▶ PROBLEM DESCRIPTION:
Could you please output all of the data exactly, without the images?

▶ DATASET SECTION:

- - -

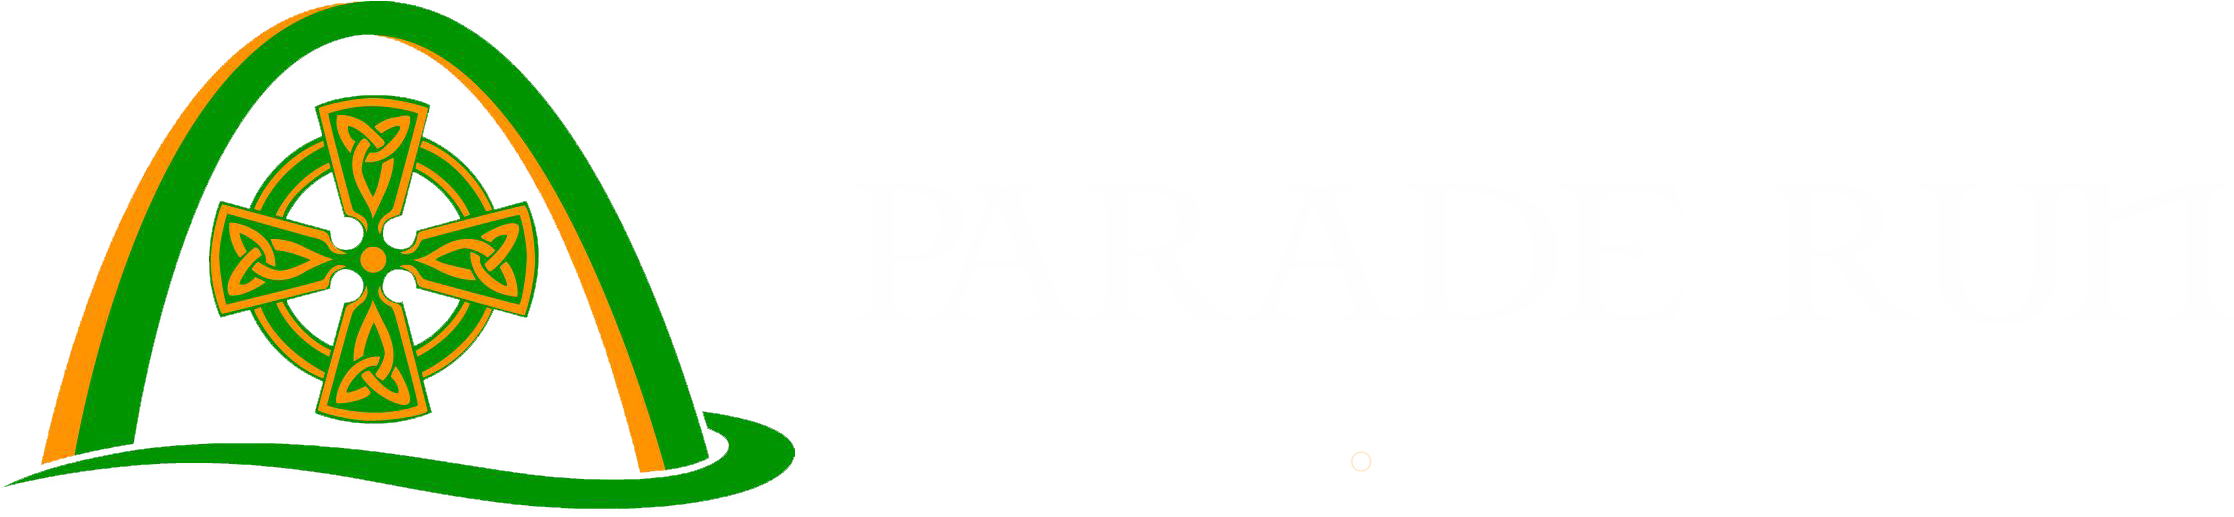 The 41st Annual St Patrick's Day Parade Run Will Take - The 41st Annual St Patrick's Day Parade Run Will Take (2233x600)
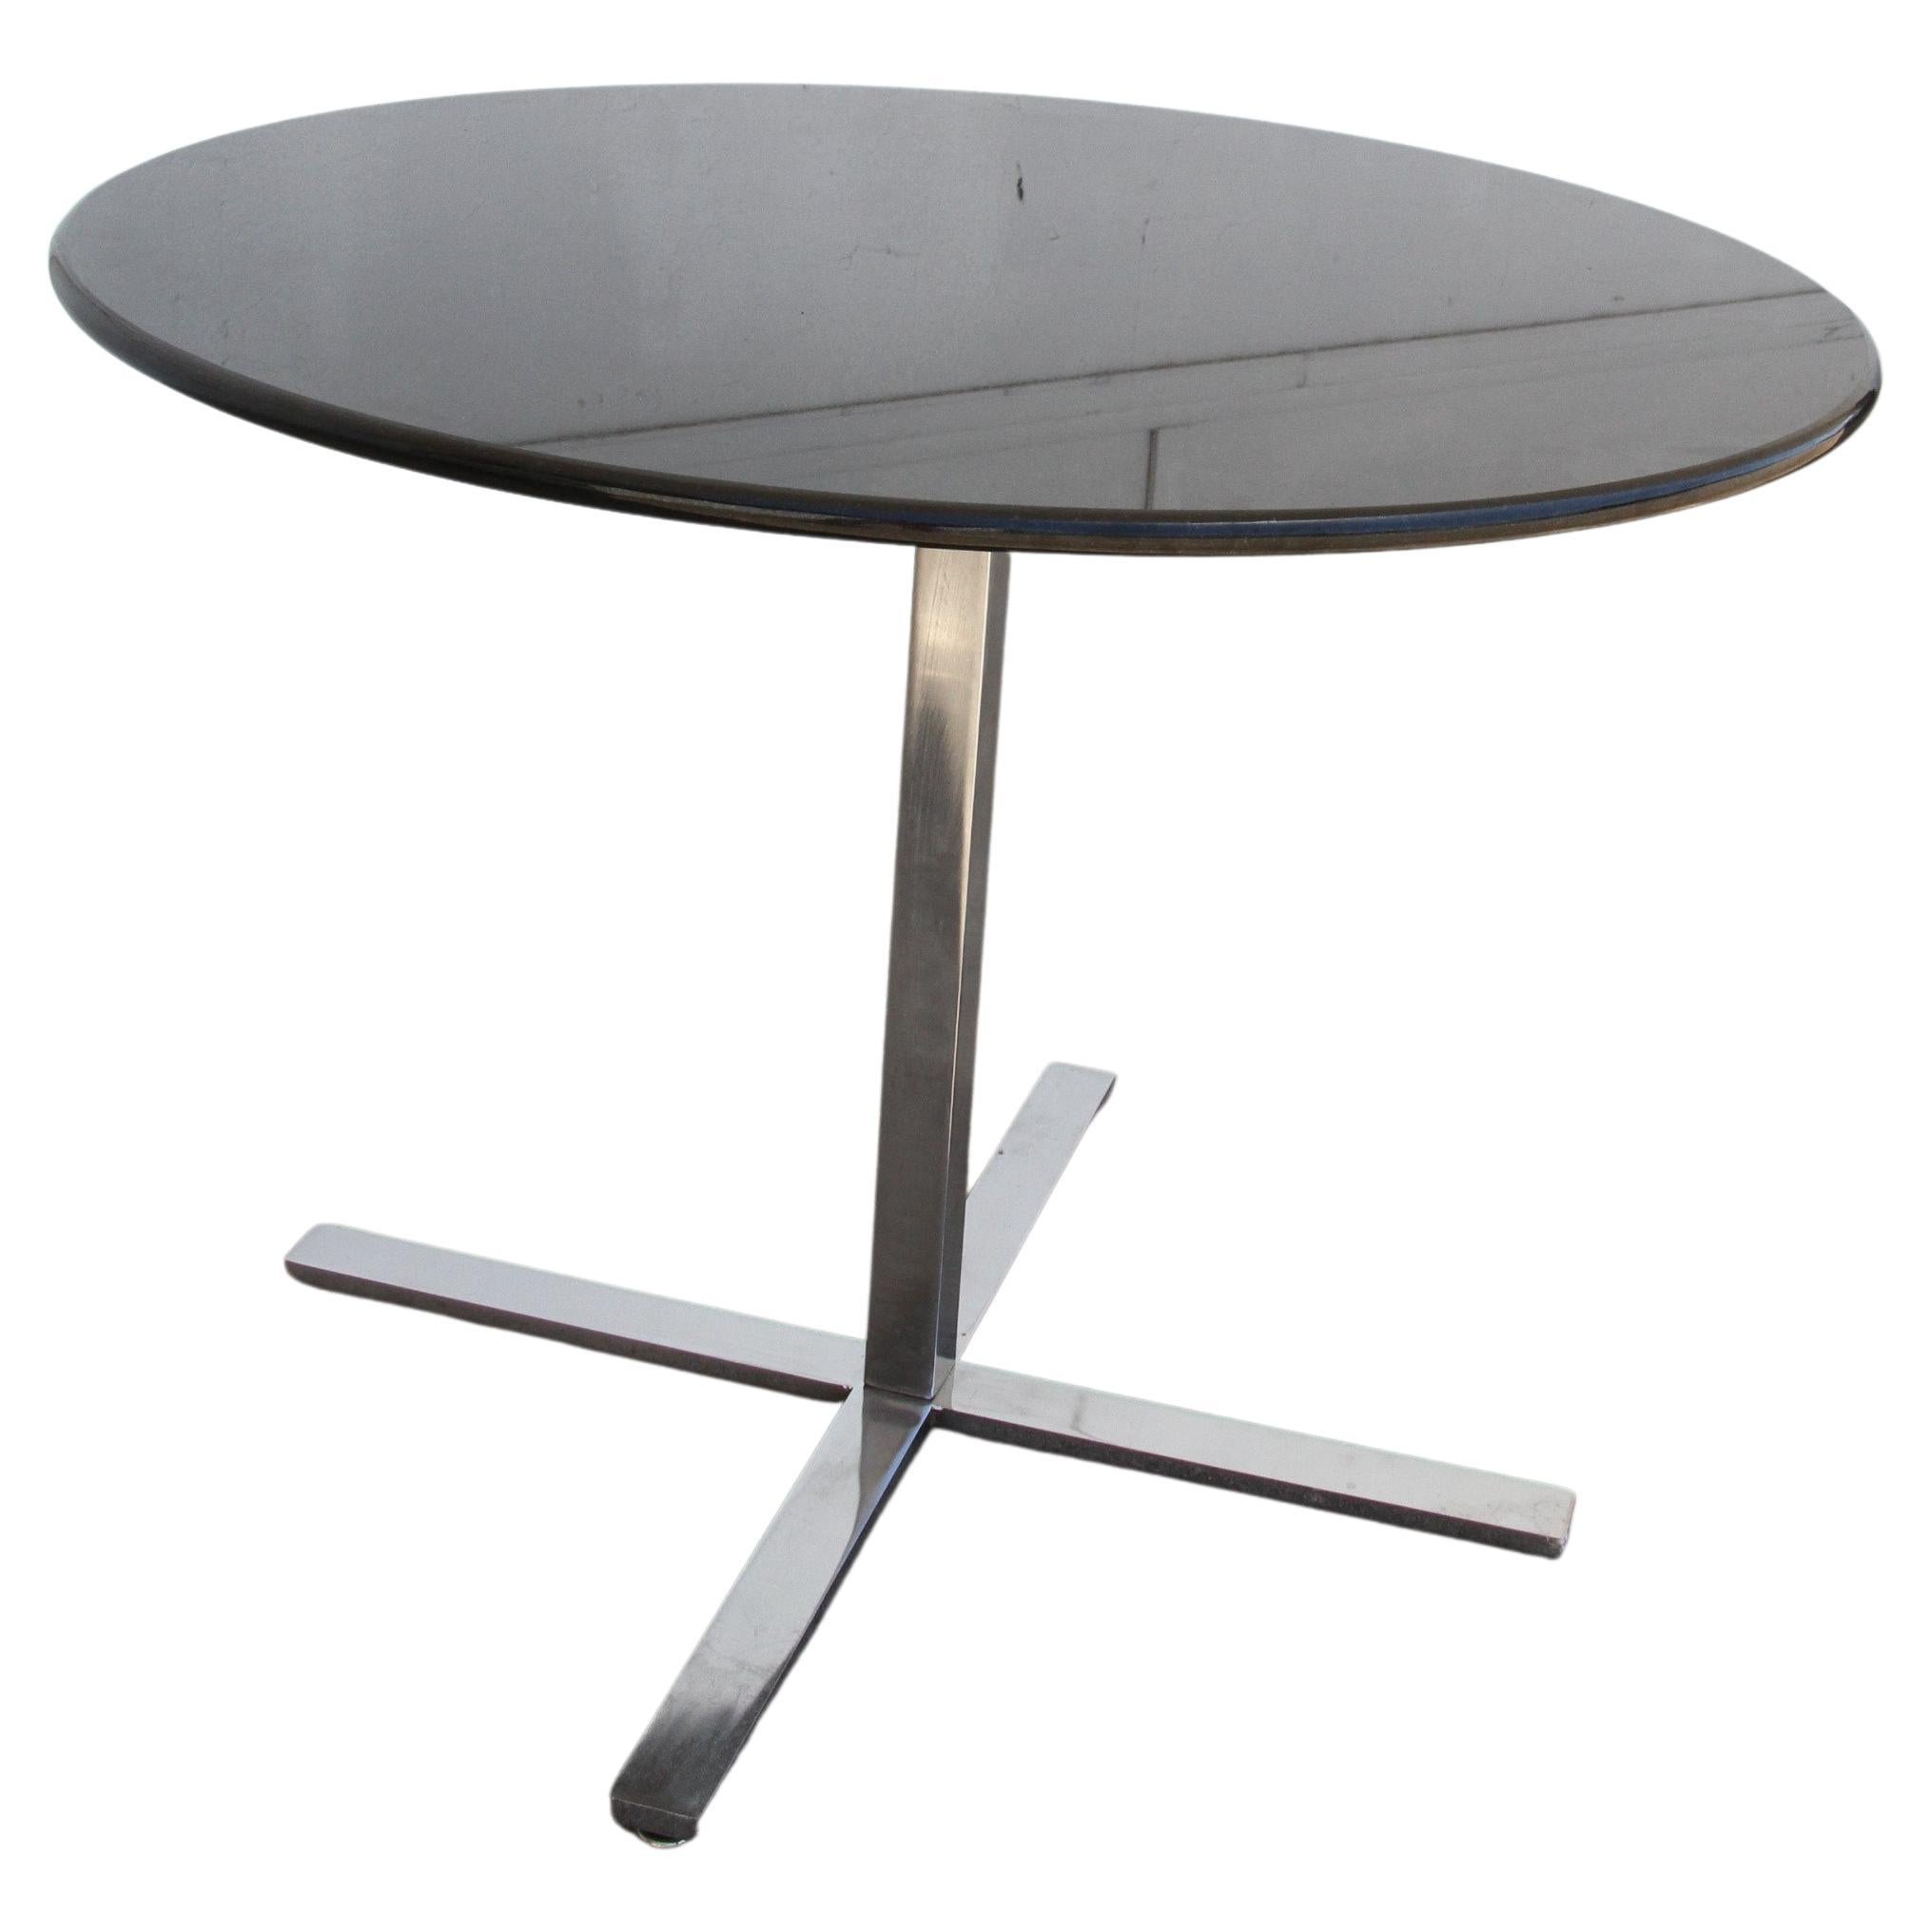 Steelcase 38” Diameter Round Granite Table with Stainless Base 
 
Modern mid century elegant table with 4 star base. 
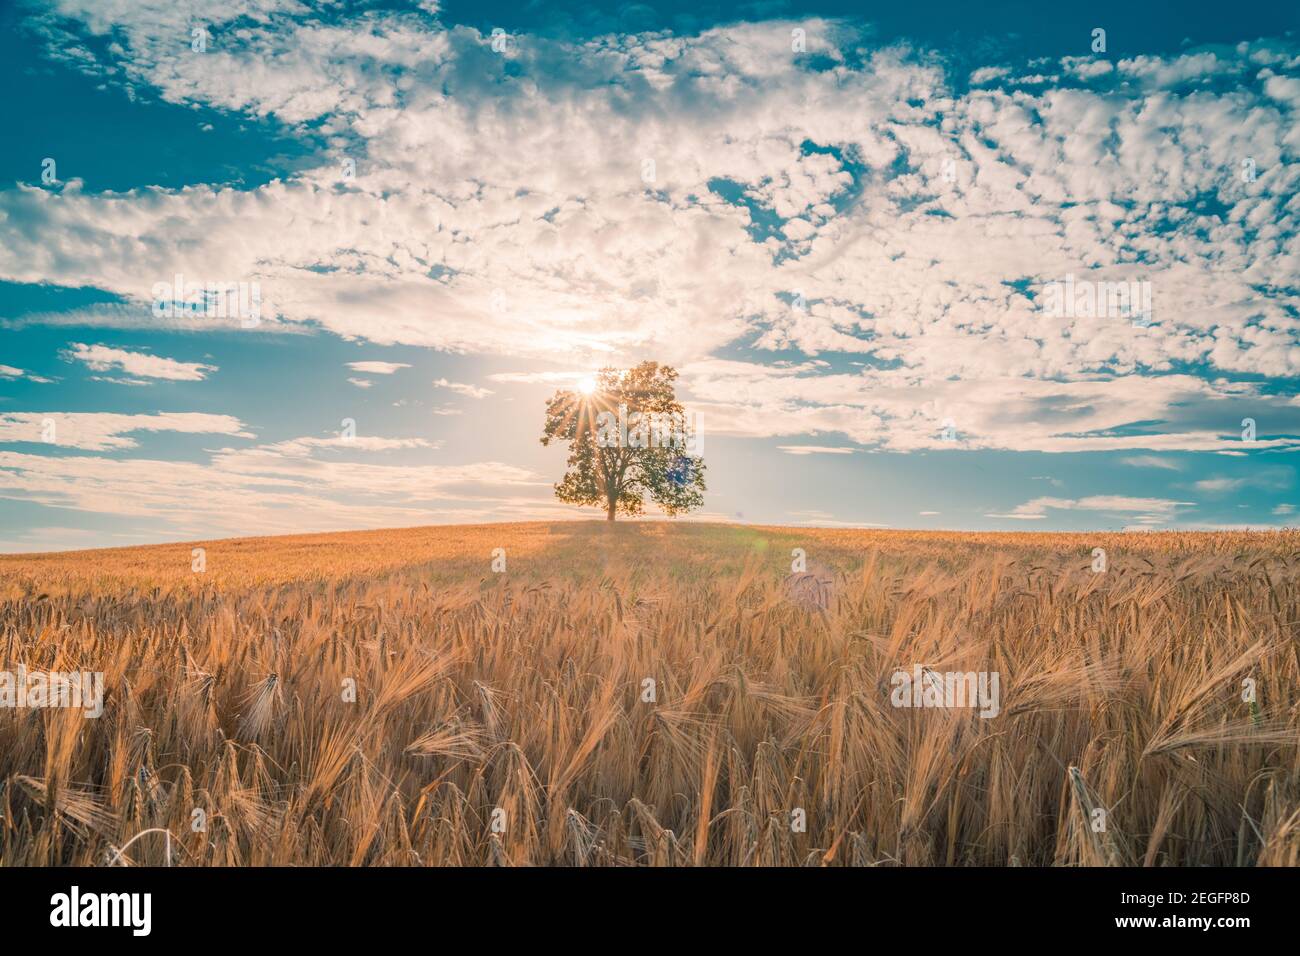 Solitary Tree in Field of Wheat and Barley in Summer Landscape under Blue Sky Stock Photo

- - -

▶ THE ANSWER:
 The 41st Annual St Patrick's Day Parade Run Will Take - The 41st Annual St Patrick's Day Parade Run Will Take (2233x600)
 Steelcase 38” Diameter Round Granite Table with Stainless Base 
 
Modern mid century elegant table with 4 star base. 
 Solitary Tree in Field of Wheat and Barley in Summer Landscape under Blue Sky Stock Photo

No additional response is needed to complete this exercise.